**PROBLEM DETAILS:** Quote each line of the material verbatim, without the pictures.

**GIVEN DATA:**

____

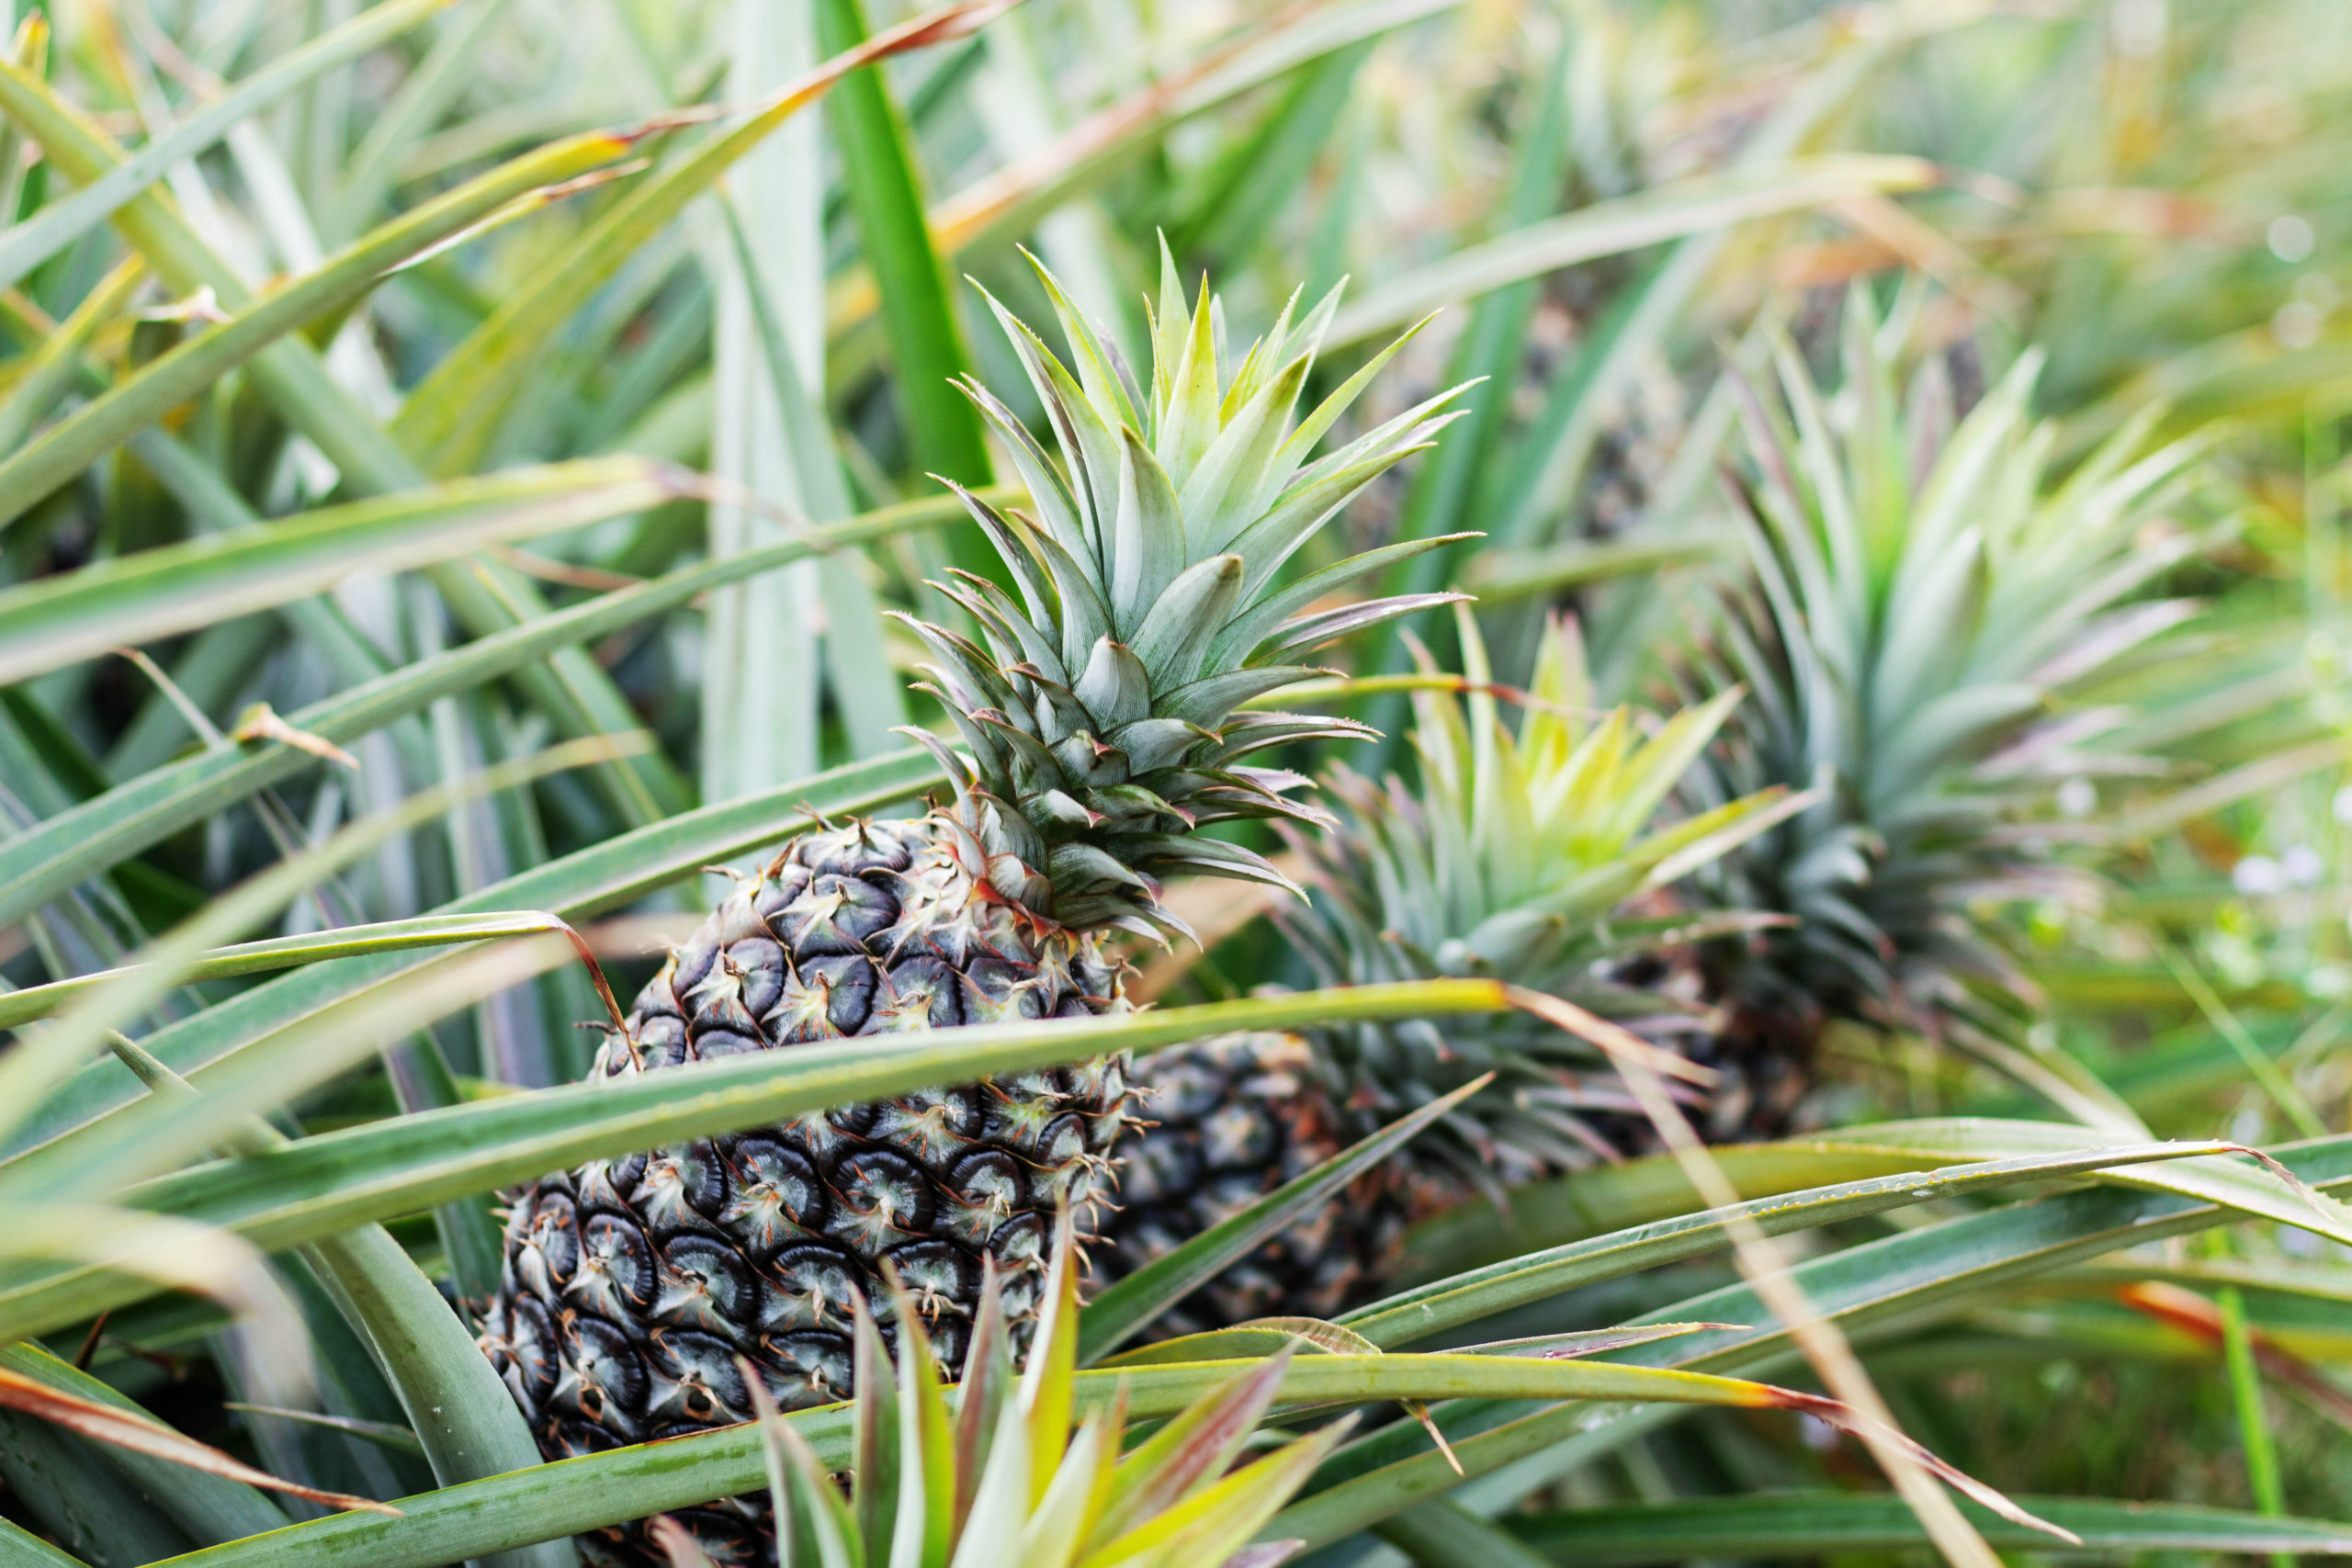 Pineapples used for sustainable manufacturing
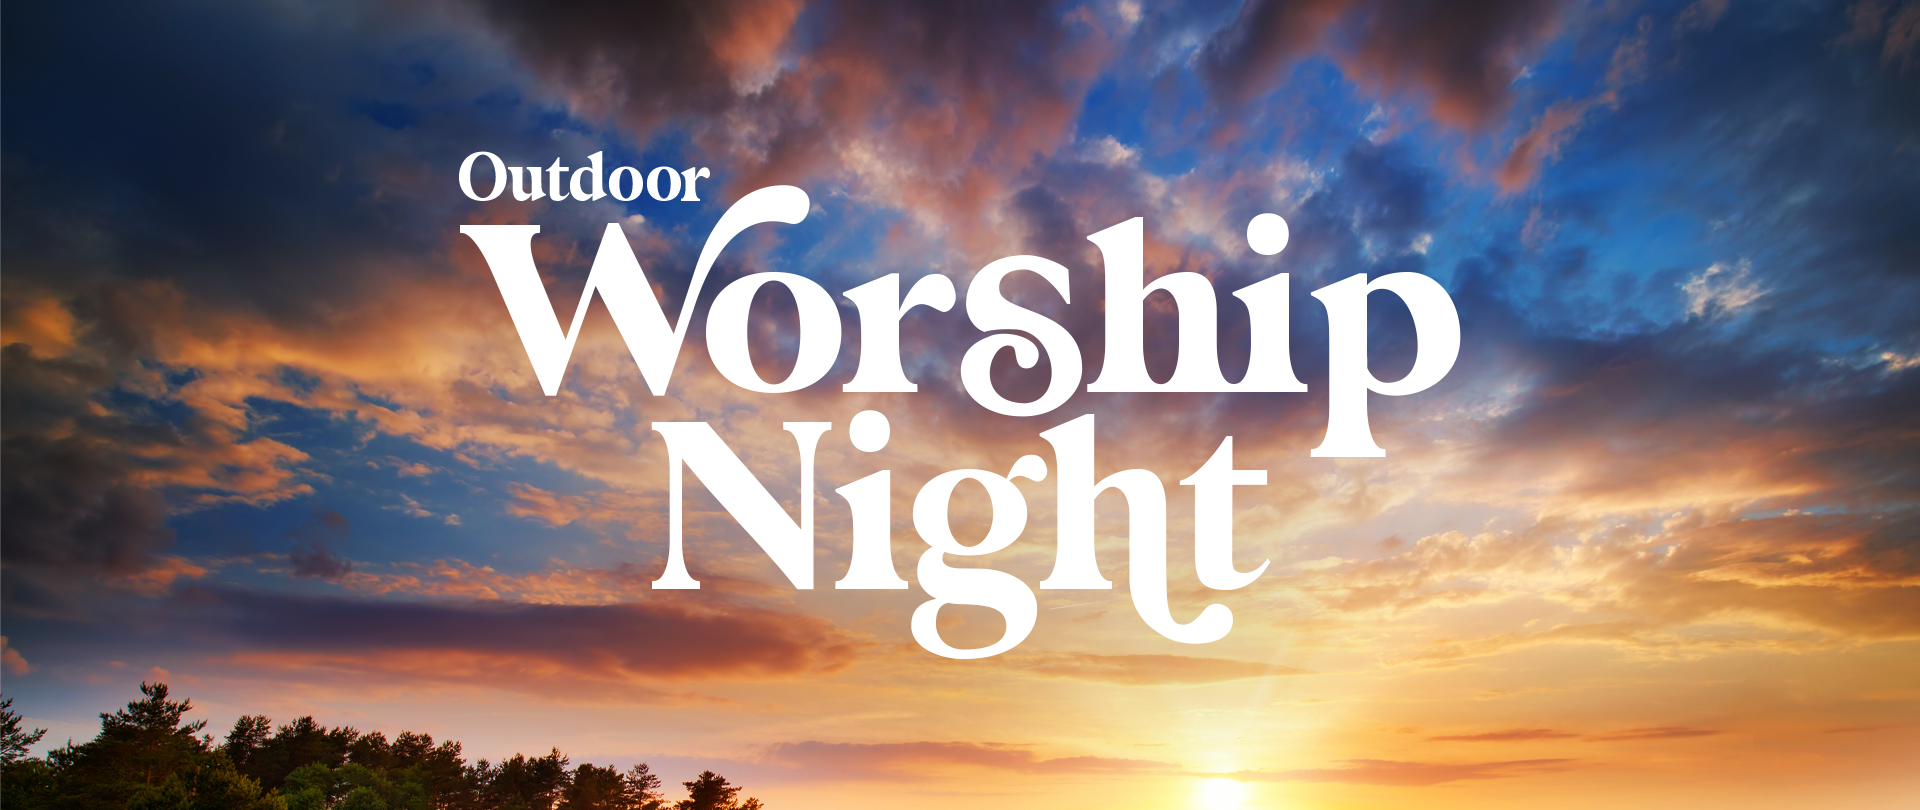 Outdoor Worship Night
Sunday, May 19, at 7:00 PM
On the Hwy 51 Sports Fields

____

**PROBLEM SOLUTION:**
 Pineapples used for sustainable manufacturing
 Outdoor Worship Night
Sunday, May 19, at 7:00 PM
On the Hwy 51 Sports Fields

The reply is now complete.